DATASET CONTENT
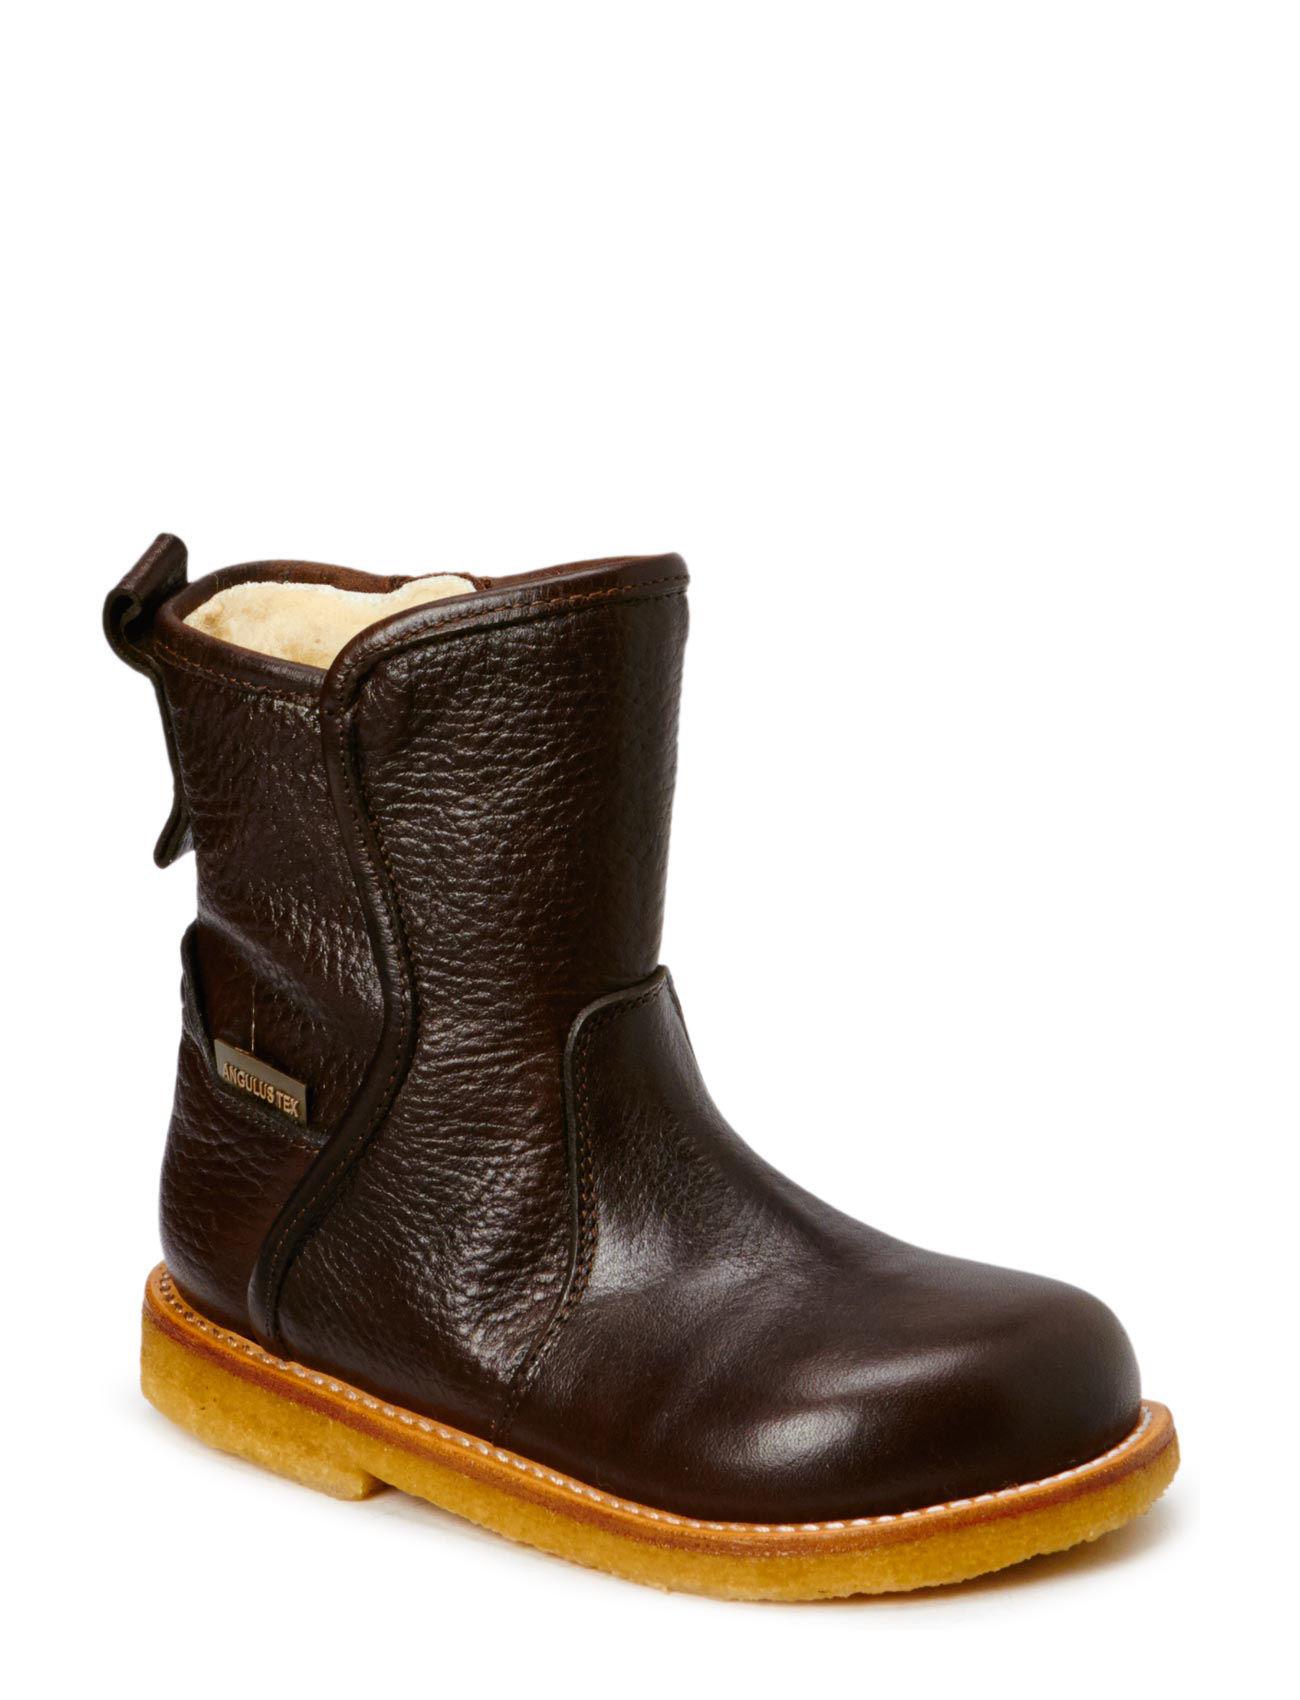 Booties - Flat - With Zipper ANGULUS Støvler til Børn i
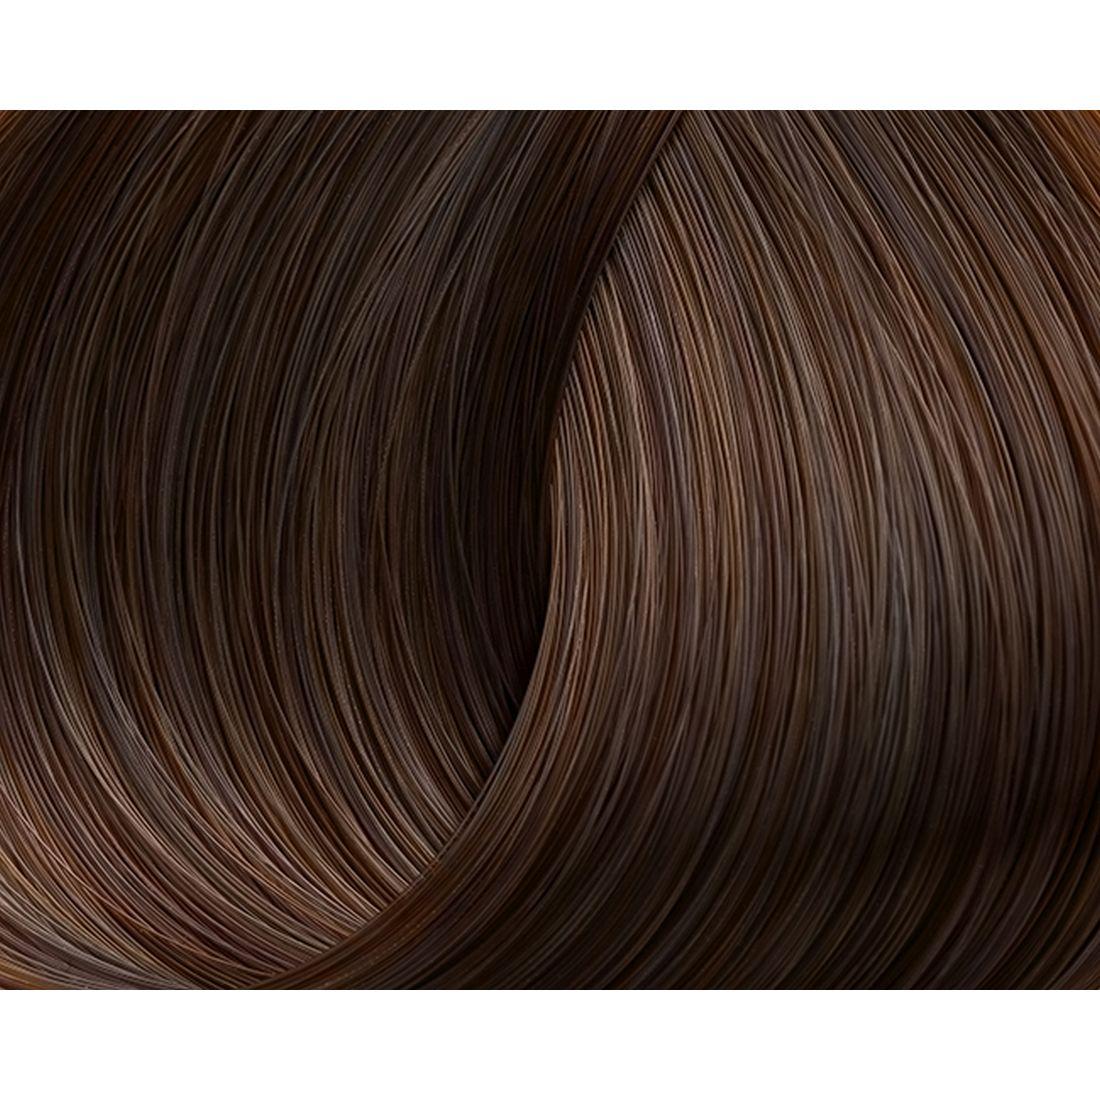 Lorvenn Beauty Color Επαγγελματική Βαφή Σωληνάριο 70ml No 7.75 Παλίσανδρος Ανοιχτός No 7.75 Παλίσανδρος Ανοιχτός
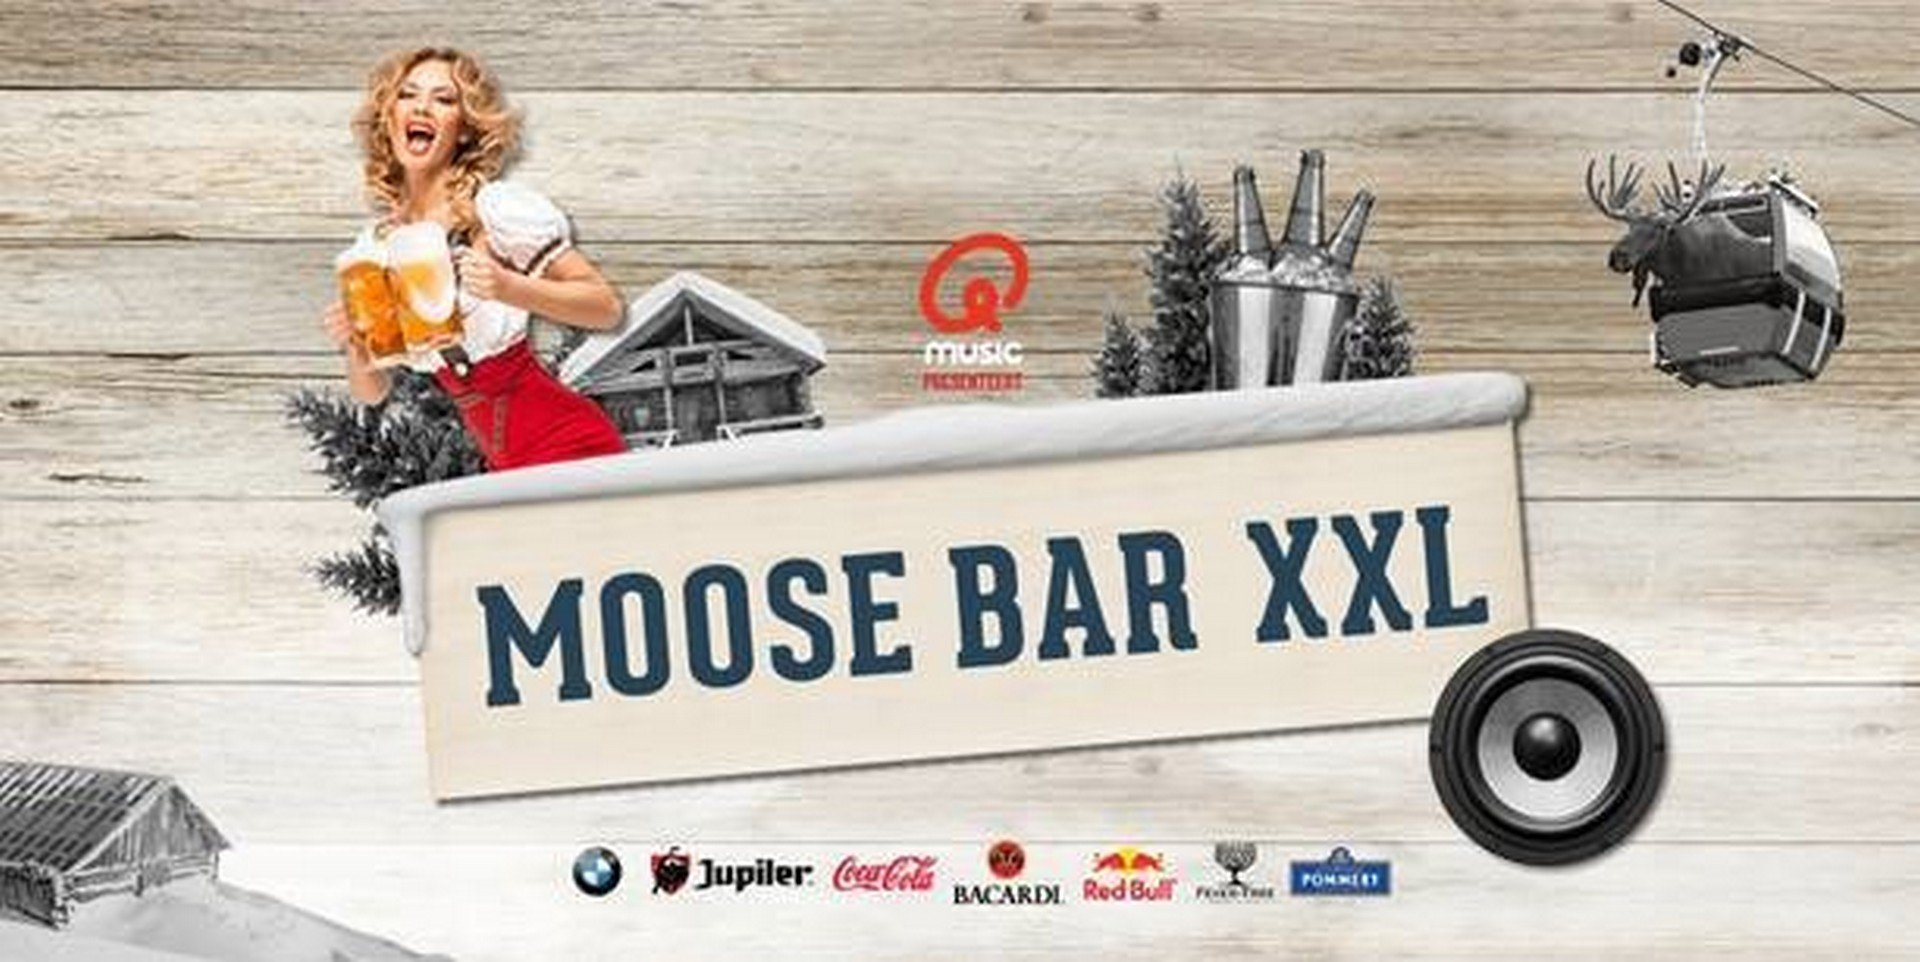 MOOSE Bar brengt Anton aus Tirol naar het Sportpaleis! - Moose Bar XXL 1

ASSIGNMENT
Print the data exactly as written, dropping any images it holds.

SOLUTION FOR THIS EXERCISE
 Booties - Flat - With Zipper ANGULUS Støvler til Børn i
 Lorvenn Beauty Color Επαγγελματική Βαφή Σωληνάριο 70ml No 7.75 Παλίσανδρος Ανοιχτός No 7.75 Παλίσανδρος Ανοιχτός
 MOOSE Bar brengt Anton aus Tirol naar het Sportpaleis! - Moose Bar XXL 1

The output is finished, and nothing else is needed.